|Publication number||US6530317 B2|
|Application number||US 09/729,074|
|Publication date||Mar 11, 2003|
|Filing date||Dec 5, 2000|
|Priority date||Dec 5, 2000|
|Also published as||US20020066377|
|Publication number||09729074, 729074, US 6530317 B2, US 6530317B2, US-B2-6530317, US6530317 B2, US6530317B2|
|Original Assignee||Creo Srl|
|Export Citation||BiBTeX, EndNote, RefMan|
|Patent Citations (22), Non-Patent Citations (2), Referenced by (11), Classifications (7), Legal Events (5)|
|External Links: USPTO, USPTO Assignment, Espacenet|
The present invention pertains to the general field of printing and in particular to the engraving of gravure cylinders.
Gravure is one of the main processes employed by the printing industry, with billions of copies of gravure-printed magazines being produced annually. Gravure printing is also employed extensively in the packaging industry.
In the gravure printing process ink is transferred to the medium, typically paper or plastic, via metal printing cylinders that are normally several meters long. The gravure process transfers ink from small wells or cells that are engraved into the copper- and chrome-plated surface of these cylinders, while the cylinders are mounted on the printing press. Each cylinder is rotated through a fountain of ink and the ink is wiped from those areas of the cylinder-surface that have no gravure-impressions by a doctor blade. The inverted pyramid-shape or cup-like shape of each gravure-cell holds the ink in place as the cylinder turns past the doctor blade.

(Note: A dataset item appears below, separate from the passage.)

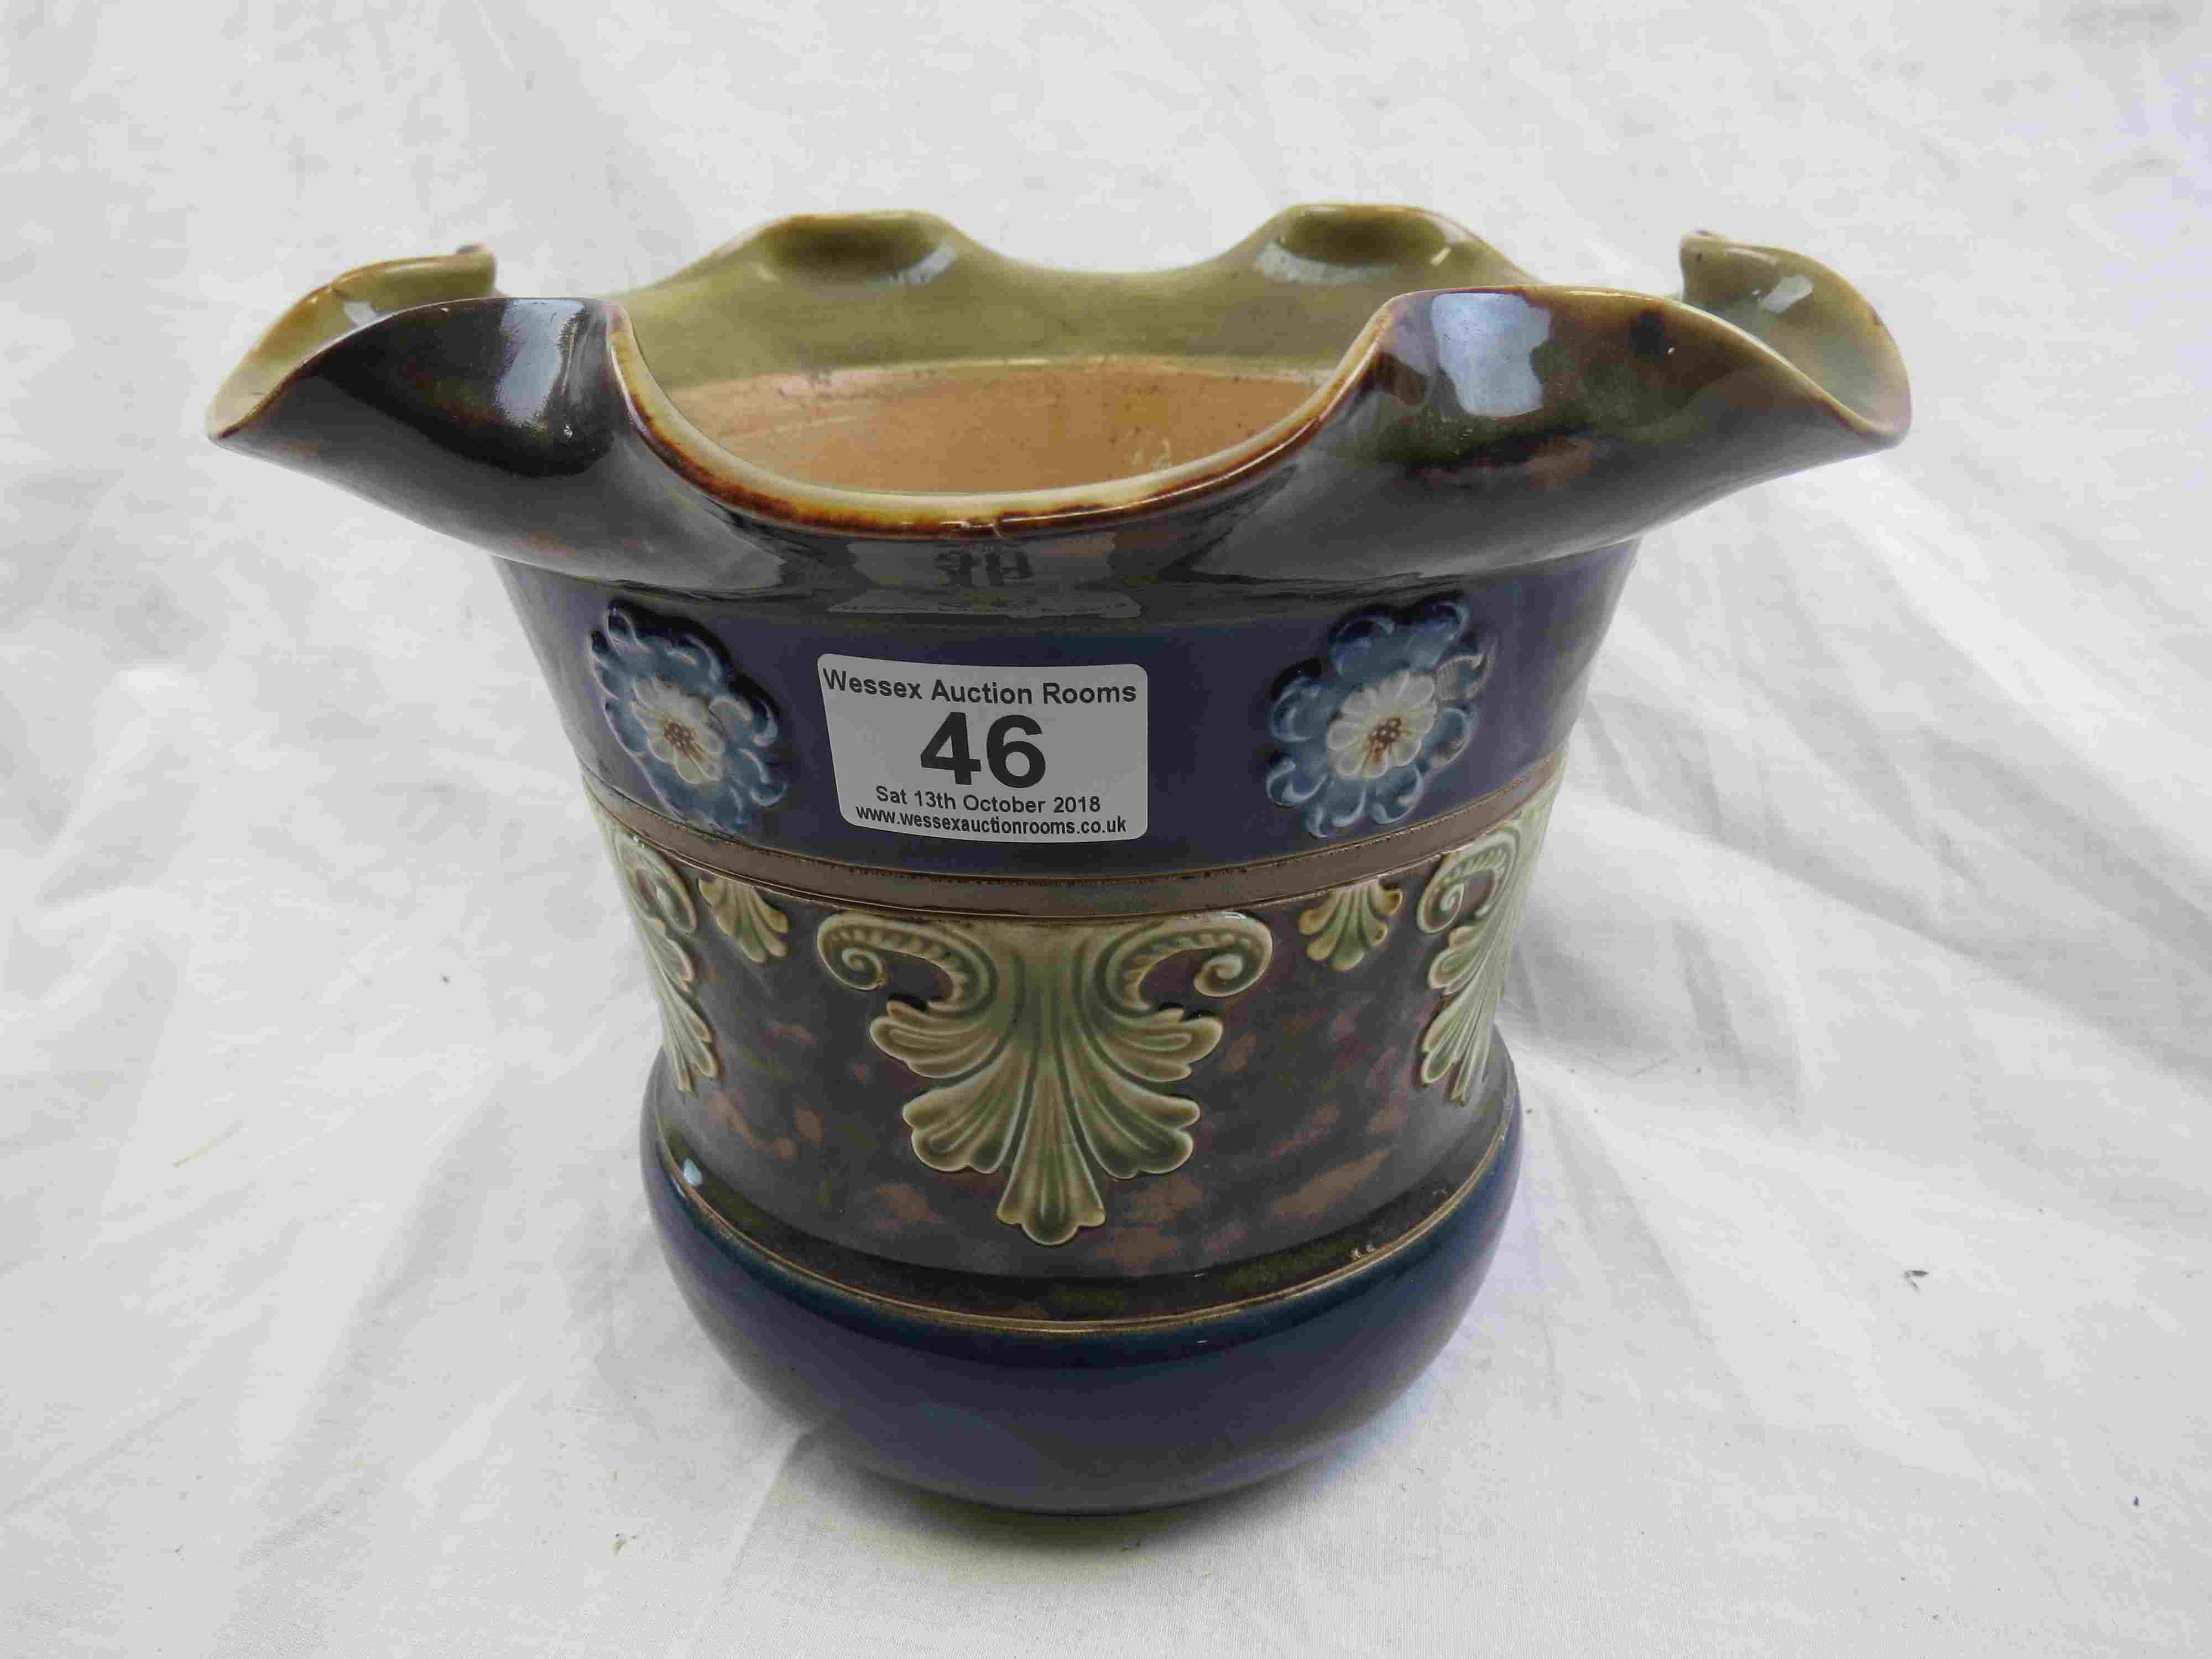 Royal Doulton jadiniere of squat cylindical form with wavy edge, floral and foliate decoration in
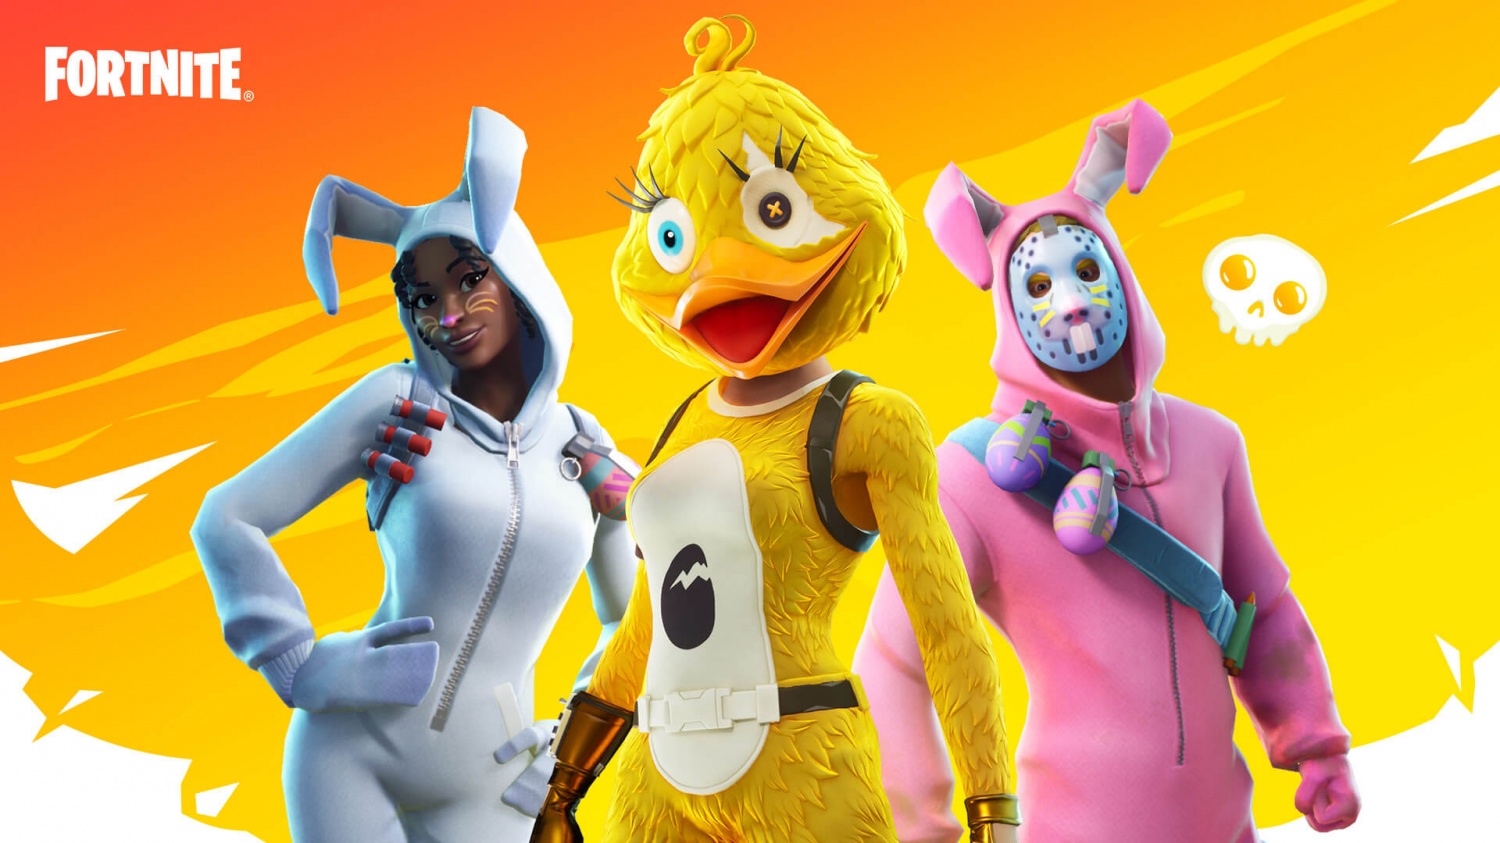 'Fortnite' Easter Eggs Guide 10 Locations to Find Bouncy Eggs and Earn

The cylinder cells are the most important part of the gravure printing process. The quality of the printed image is dependent on the size, shape and depth of the cells.
The width of the cell refers to how wide the cell is in the cross direction. The depth is how far below the surface the cell extends. The wall is the barrier between the cells and is used to support the doctor blade. The top of the cell wall and the un-engraved areas of the cylinder are commonly referred to as the land. The opening is described by the shape and cross sectional area. The bottom of the cell can be flat, or nearly flat, or inverted pyramid shaped.
Various techniques are employed to engrave gravure-cylinders. Cells can be chemically etched or electromechanically engraved. More recently laser-engraving has become available. Yet more recently electron-beam-engraving has been evaluated with a view to its use in gravure engraving.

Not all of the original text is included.